Appendix A: Quality scoring instrument

Study design Points

Human

interventional:

  • parallel controlled trial4Randomization reported?(+1)
  • cross over trial3
  • time series trial (before-after)2
  • non-concurrent / historic controls2
  • natural experiment2

observational

  • cohort, prospective4
  • cohort, retrospective3
  • cross-sectional3
  • case-control3
  • descript., case report/series1

Basic Science

interventional:

  • parallel controlled4
  • cross over trial3
  • set of before-after trials3
  • before-after, no controls2

observational

  • comparative3
  • case series1

Other:

  • meta analysis2
  • instrument validation1
  • literature review1
  • other:0
  • don’t know / not sure0

Scoring:

For each applicable item, 0-2 points are awarded (2 if fully met, 1 if partially met, 0 if not met). In addition, points are awarded based on the study design and based on whether randomization was present (0-5). The maximum possible total is (19 * 2) + 5 = 43. For each item which is not applicable, such as blinding of subjects in basic science research, 2 points are subtracted from 43, resulting in the total possible score. The summary score is calculated by dividing the total score achieved by the total possible score.

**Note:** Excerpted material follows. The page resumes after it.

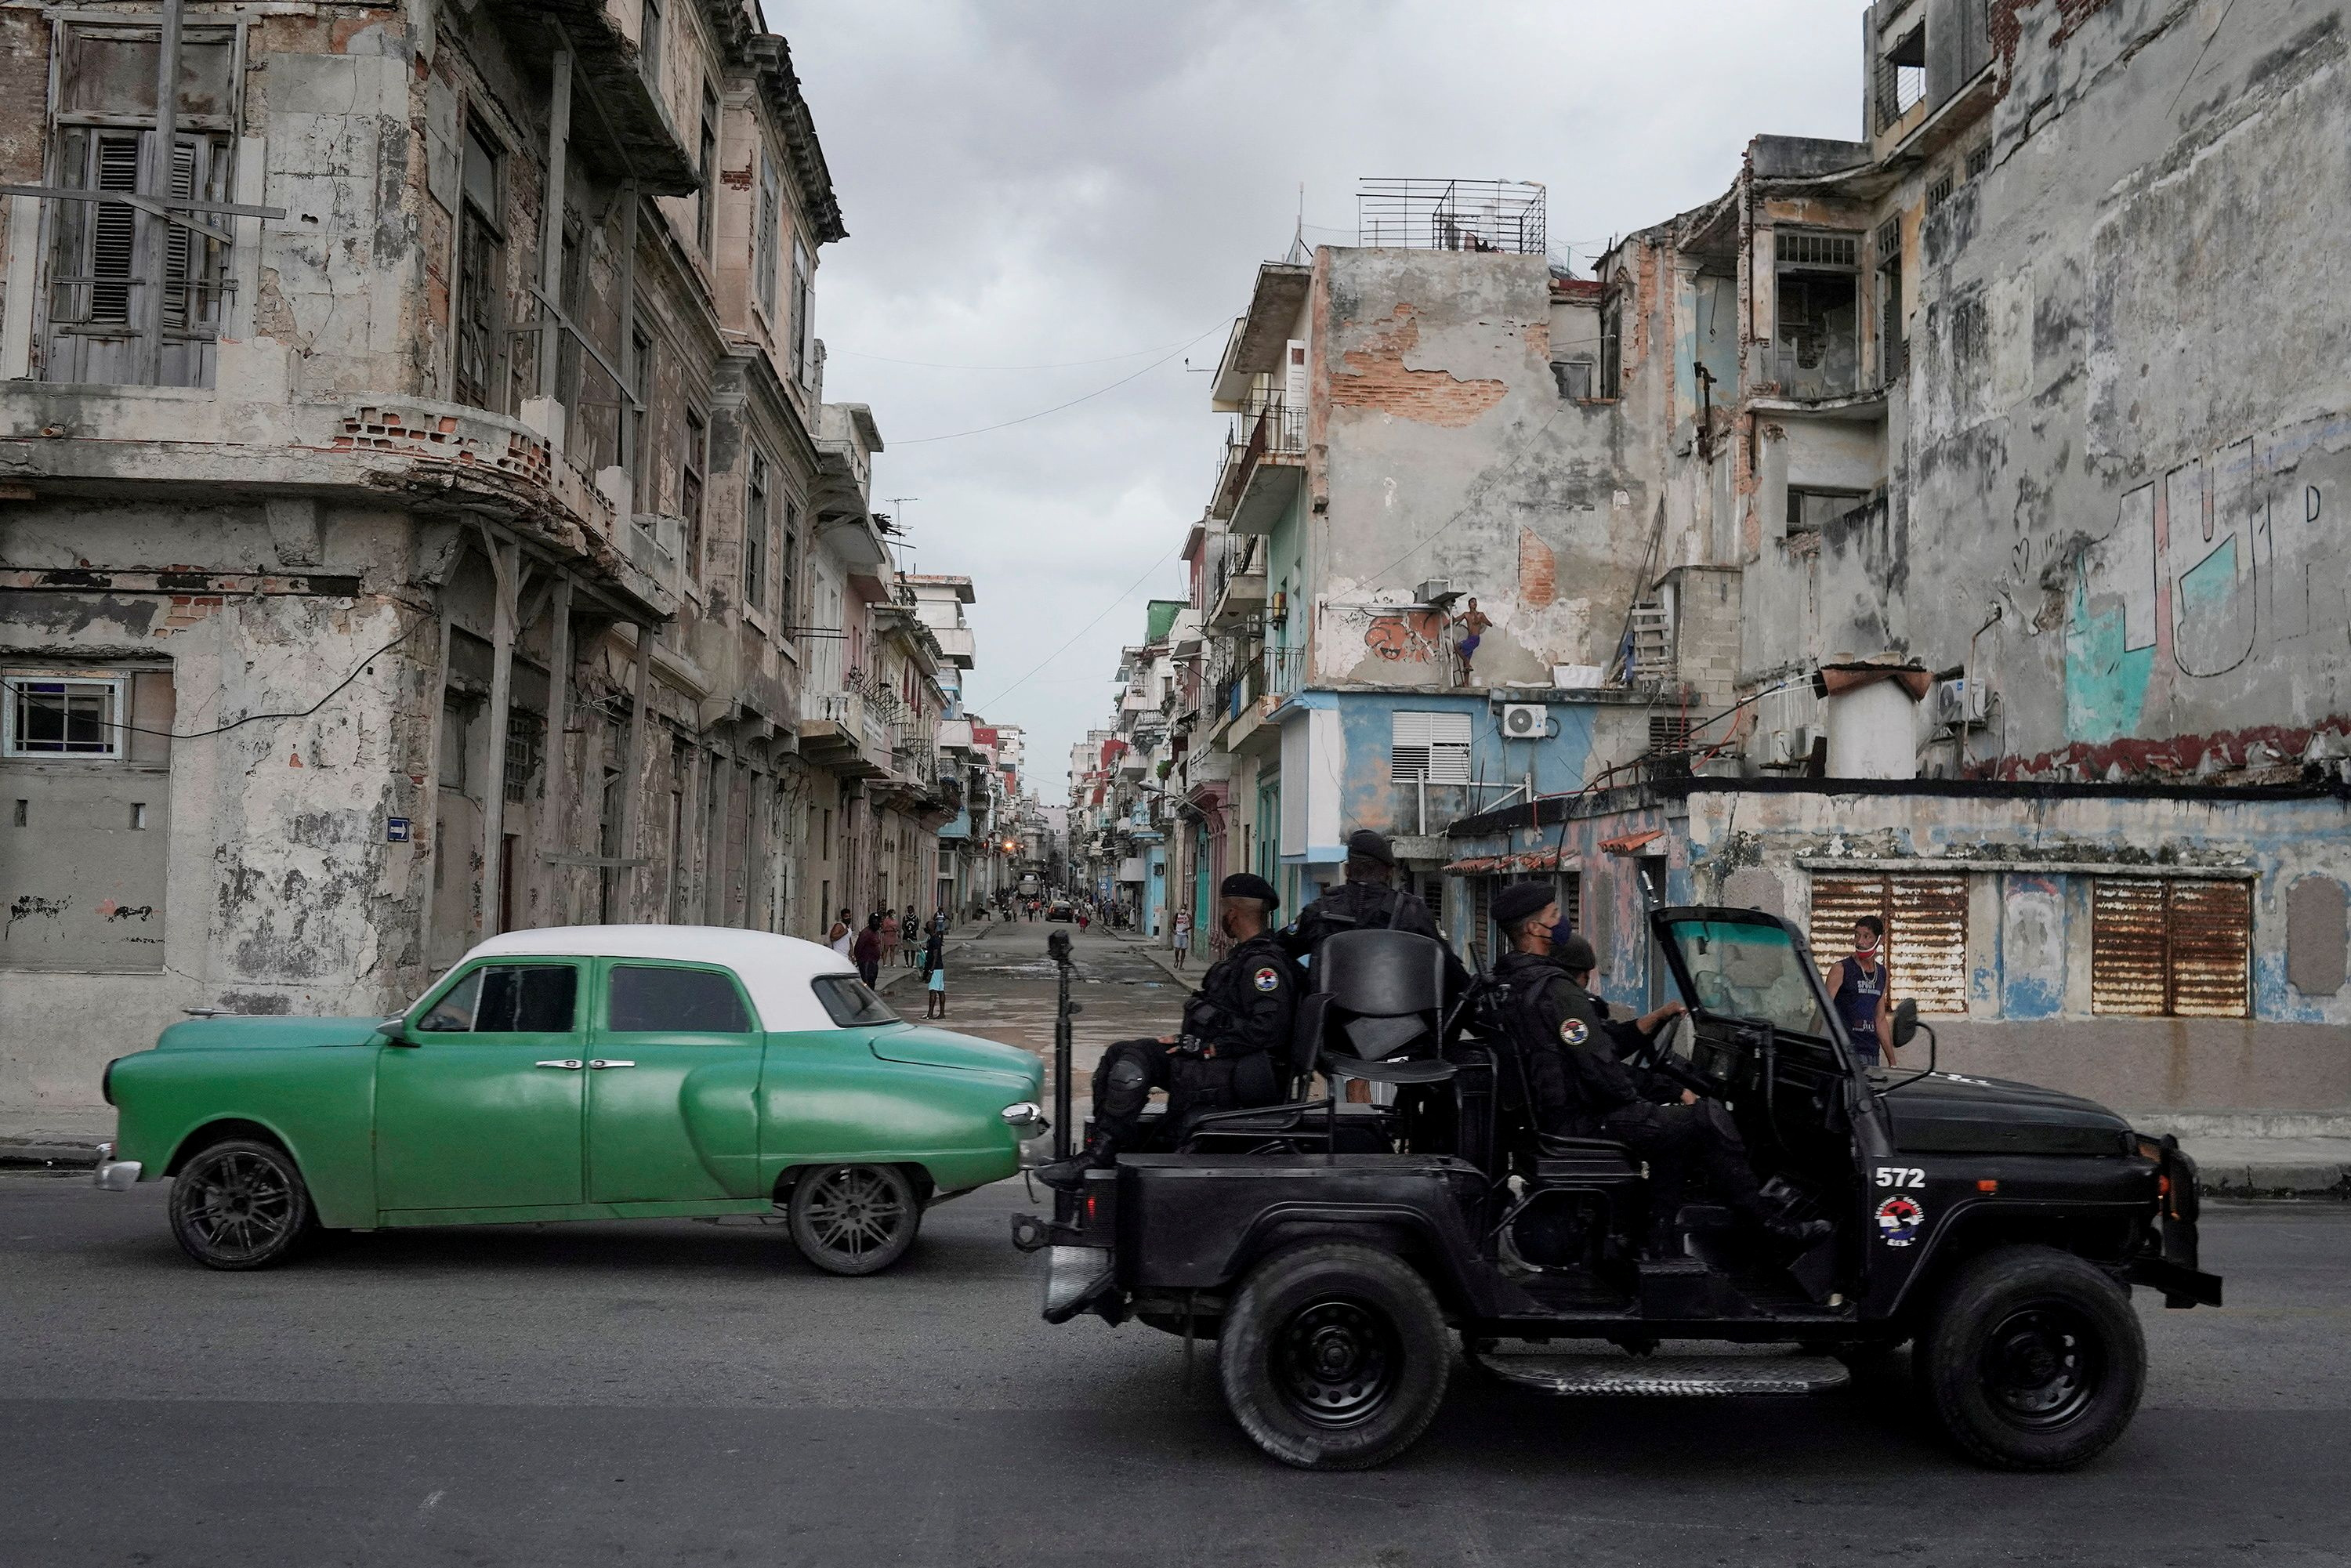 FOTO DEL FILE: Un veicolo delle forze speciali passa davanti a una vecchia auto nel centro dell'Avana, Cuba, il 13 luglio 2021. REUTERS/Alexandre Menegini/Foto del file
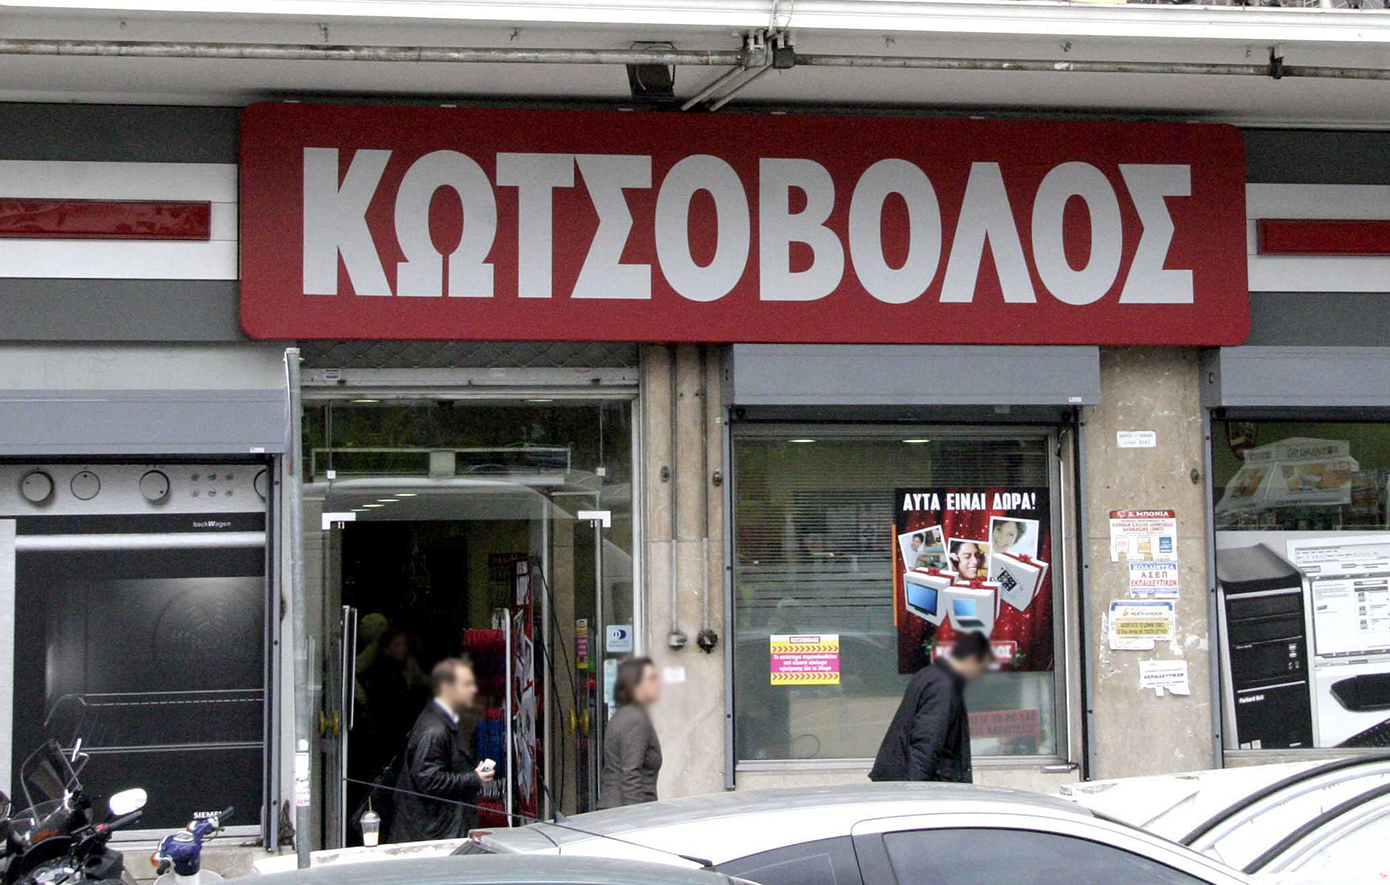 Η στρατηγική κίνηση της ΔΕΗ με την εξαγορά της Κωτσόβολος – Σε ελληνικά χέρια ξανά μετά από 19 χρόνια η αλυσίδα ηλεκτρικών

Quality assessment / yes / partial / no / n/a
1.Question / objective sufficiently described?
2.Design evident and appropriate to answer study question?
3.Subject characteristics sufficiently described?
4.Subjects appropriate to the study question?
5.Controls used and appropriate? (if no control, check no)
6.Method of subject selection described and appropriate?
7.If random allocation to treatment groups was possible, is it described? (if not possible, check n/a)
8.If blinding of investigators to intervention was possible, is it reported? (If not possible, n/a)
9.If blinding of subjects to intervention was possible, is it reported? (If not possible, n/a)1
10.Outcome measure well defined and robust to measurement bias? Means of assessment reported?
11.Confounding accounted for?
12.Sample size adequate?
13.Post hoc power calculations or confidence intervals reported for statistically non significant results?
14.Statistical analyses appropriate?
15.Statistical tests stated?
16.Exact p-values or confidence intervals stated?
17.Attrition of subjects and reason for attrition recorded?
18.Results reported in sufficient detail?
19.Do the results support the conclusions?
Sum (items 1-19)

How to calculate a summary score:

The summary score is calculated as the ratio of the points awarded to the maximum possible score. The maximum possible score depends on the number of items that are applicable based on the type of research. There are more applicable items for more sophisticated designs, such as controlled clinical trials than for simpler studies, such as case reports. For each quality assessment item, a maximum of 2 points is awarded (0 if not met, 1 if partially met, 2 if fully met), resulting in a maximum of 38 if all quality assessment items are applicable and fully met, plus 5 points for design. Points awarded based on design serve to counterbalance inequalitities arising from the applicability of the various items. E.g. for randomized parallel controlled trials, to get a full score (2 points) for control for confounding, beside randomization, a statement on the comparability of relevant prognostic factors between the groups, or else, additional measures of control are needed. In contrast, in cross over trials, comparability of confounding factors is assumed to be present. Consequently, if weighted equally, cross over trials would tend to score better, irrespective of quality. Thus, the points for design do not constitute a value judgment of design. Rather, the appropriateness of the design was considered to depend on the nature of the research question and was assessed in item 2 of the quality instrument, “description and appropriateness of the study design”. Also, there is a deduction of 2 points for any uncontrolled design (item 5).

Examples:

a) All 19 items apply to a controlled trial with negative results if double blinding and randomization are feasible, resulting in a maximum possible sum of points of 43 (2*19 + 5 for design). In a report, randomization is mentioned, but the method of randomization (item 7), and power calculations or confidence intervals (item 13) are not provided resulting in a deduction of 4 points. All other items are fully met. The sum of points is 39 (43-4), resulting in a summary score of 39/43 = 0.91.

b) For a case series, the items 7 to 17 (= 11 items) are not applicable, resulting in a maximum possible total of 21 generated from 8 applicable items plus 5 points (design). In a sample abstract, 5 of 8 required items are fully met (5*2 = 10 points), but the rationale for presenting the series is not entirely clear (item 1, partially met = 1 point). There is a further deduction for lack of controls (item 5 = 0 point). The study design is given 1 point (out of 5). Thus, the total is 10+1+1+0 = 12. The summary score is then calculated as 12/21 = 0.57.